Profiling Data Generation
In the simulation framework, the AI Engine simulator can generate a profiling report for the complete application. This
report is generated using the flag –profile
.
aiesimulator –pkg-dir=Work –profile
Text files and xml files are generated in the directory aiesimulator_output
. Two types of files are generated
for the tile located in column C and row R. The *_funct
reports the number of calls and number of cycles for each
function. The *_instr
is a report that goes down
to the assembly code. To visualize the report, use the Vitis Analyzer.
vitis_analyzer aiesimulator_output/default.aierun_summary
- Summary
- Reports the total cycle count, total instruction count, and program size in memory.
- Function Reports
- Shows several key indicators, function by function, in a table and
graphs.
- Number of calls
- Total function time (cycles and %)
- Total function + descendant time (cycles and %)
- Min/Avg/Max function time (cycles)
- Min/Avg/Max function + descendant time (cycles)
- Program counter Low/High
- Profile Details
- Shows the assembly code, function by function, with useful precisions. The columns are as shown in the following table.
Column Name | Content |
---|---|
PC | Program counter |
Instruction | Up to 16 bytes for each line |
Assembly | Assembly code mnemonic with the full 7-way instruction word |
Exe-count | Number of times this line has been executed by the processor |
Cycles | Number of cycles required |
User Count | |
Wait States | For some instructions you may have memory conflicts which end up into a number of wait-states |
Relative cycle use within function | Shown as ‘*’ lines where the relative length visually shows the relative cycles use of this instruction within the function |
Relative cycle use within simulation | Shown as ‘*’ lines where the relative length visually shows the
relative cycles use of this instruction within the simulation
(including main() and all functions) |
Relative wait-state use within function | Shown as ‘W’ lines where the relative length visually shows the relative cycles used by wait-states during this instruction within the function |
Relative wait state use within simulation | Shown as ‘*’ lines where the relative length visually shows the
relative cycles used by wait states during this instruction within
the simulation (including main() and all
functions) |
Performance Debug with Profiling Data
Performance improvement of a design should start by optimizing the function that takes most of the cycles.
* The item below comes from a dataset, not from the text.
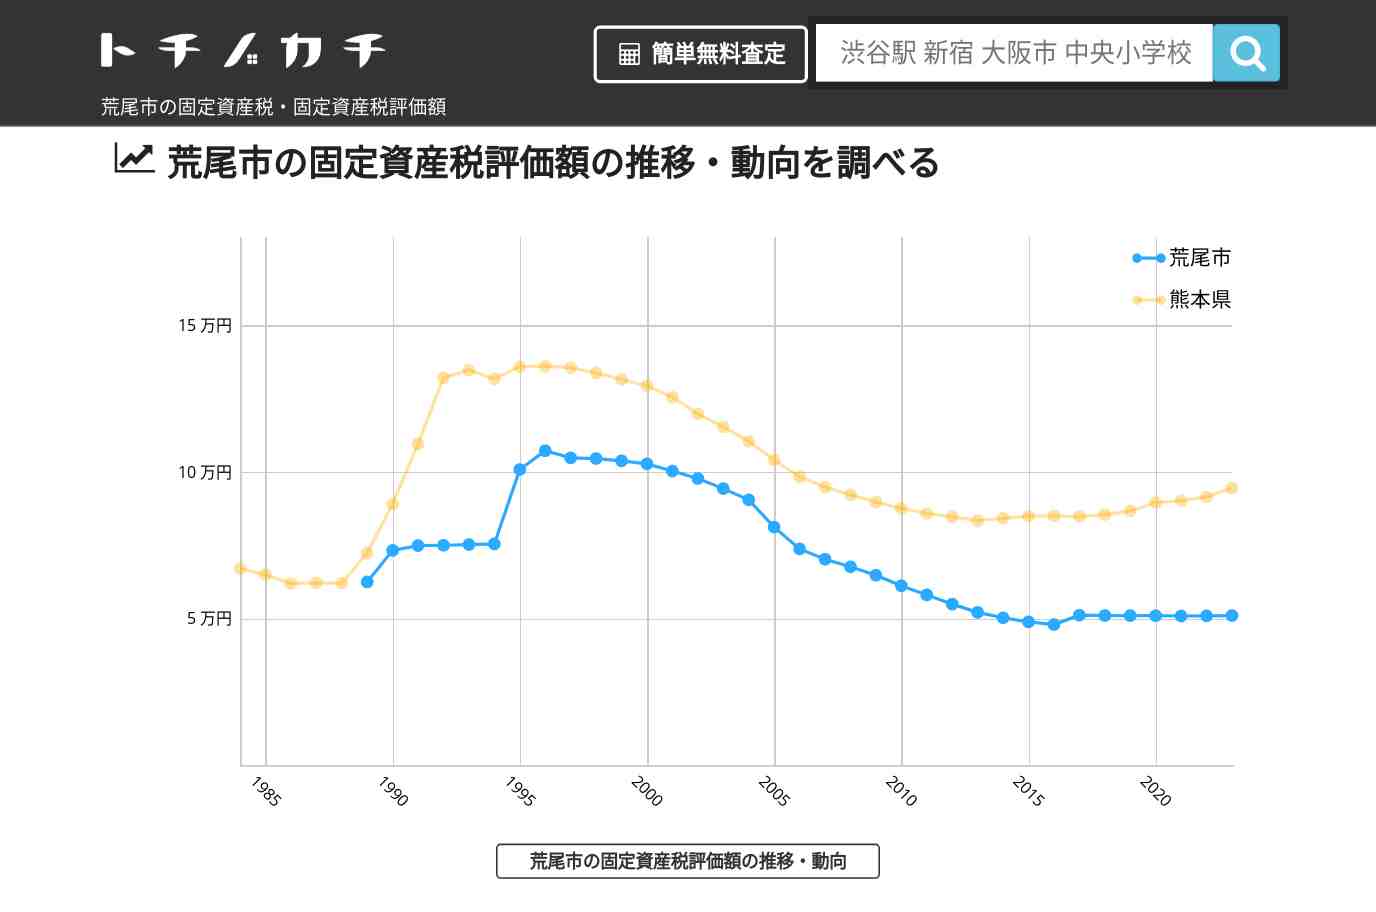 万田小学校(熊本県 荒尾市)周辺の固定資産税・固定資産税評価額 | トチノカチ
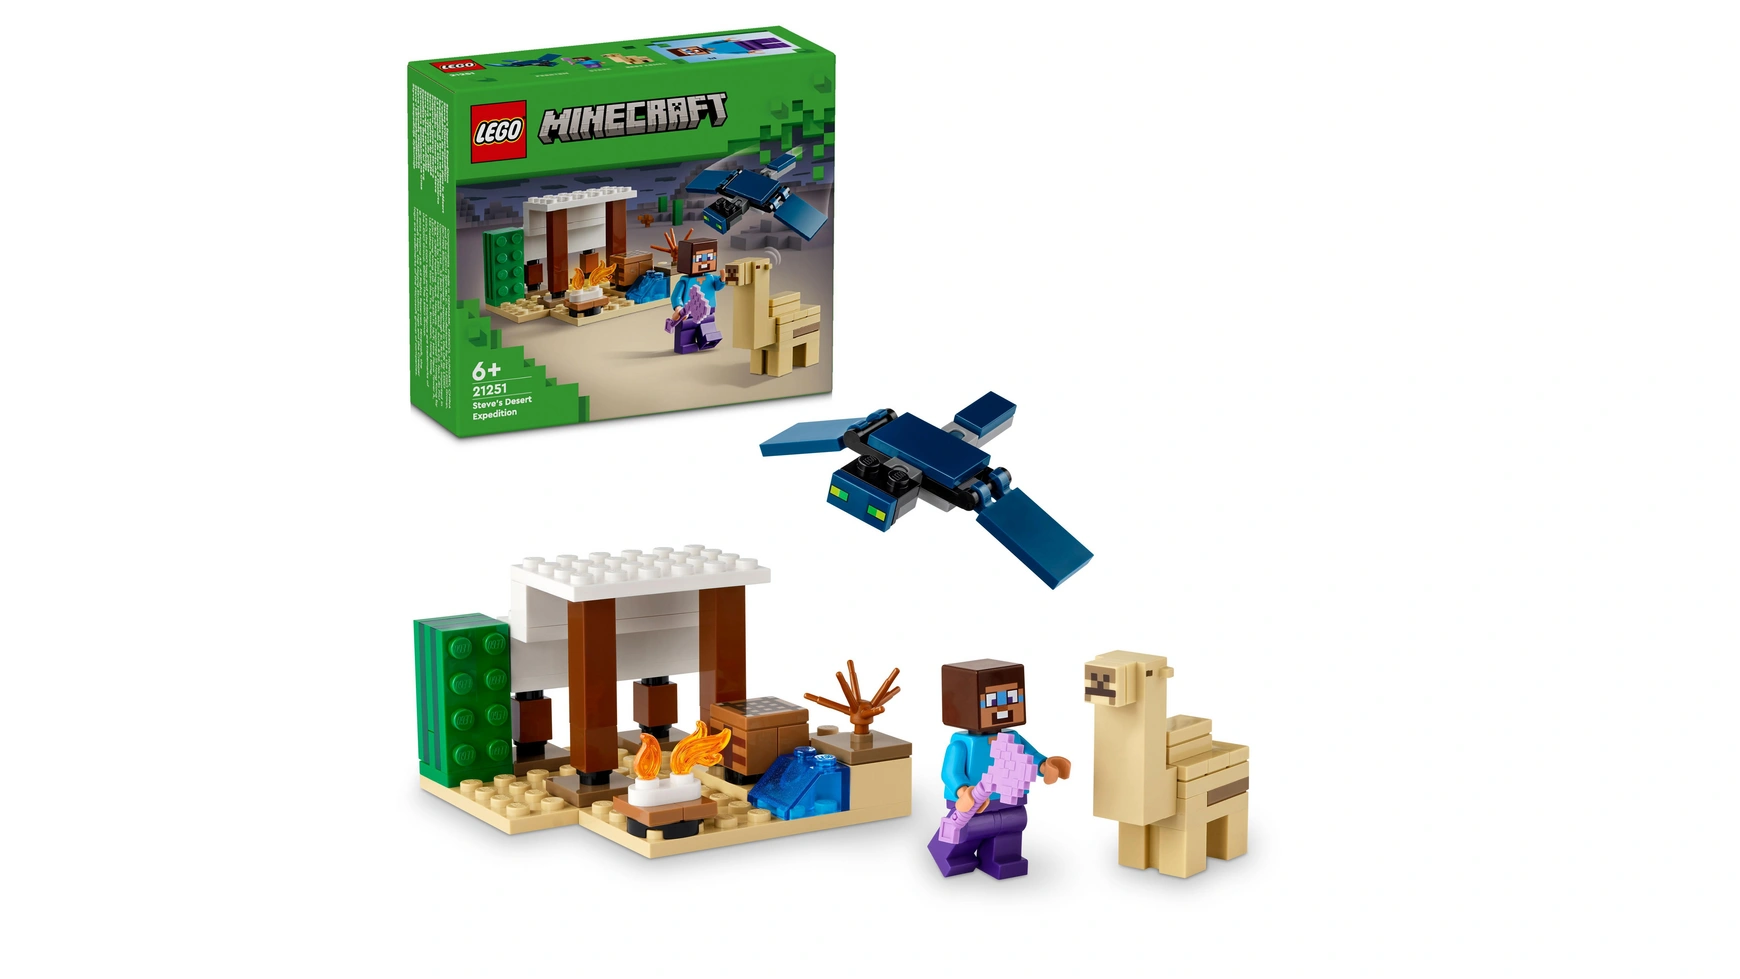 Lego Minecraft Экспедиция Стива в пустыню, набор игрушек для сборки lego classic синяя строительная пластина опорная плита для наборов lego 32x32

After it is done, you can optimize functions that take less and less proportion of the cycles. For this purpose, the total function time graph will help you in selecting these functions.
For the optimization itself, you can use pragmas (chess_prepare_for_pipelining, chess_loop_range) for the usual pipelining, unrolling of loops. The Profile Details tab provides insight about wait states. Even if your inner-loop is perfectly optimized, you may lose some cycles due to wait-states. These wait-states occur when there are conflicts in resource access.
- Two reads or one read and one write within the same memory bank, either from the local AI Engine, or two contiguous AI Engines.
- The local AI Engine tries to access a bank (either read or write) while a memory DMA is accessing it for some data transfer.
Here is an example of profile details.
In this screenshot, the inner-loop is first localized with ls and le which are the loop-start and loop-end PC. This inner loop is shown within the blue rectangle. This seems correct as the Exe-Count is much higher on these lines than on the others.
In the second step, an instruction that is constantly taking two clock cycles instead of one, due to wait-states is localized:
- Exe-count = 56
- Cycles = 112
The VMUL instruction takes data in register yd and coefficients in wc0. A load taking seven clock cycles before the data is effectively in the register. The third step is to analyze the code seven clock cycles before the first iteration (3) or within the loop on the previous iteration (3’). You can see here that there are two loads in each case which are on the same bank (all the reads are from the same window in the source code).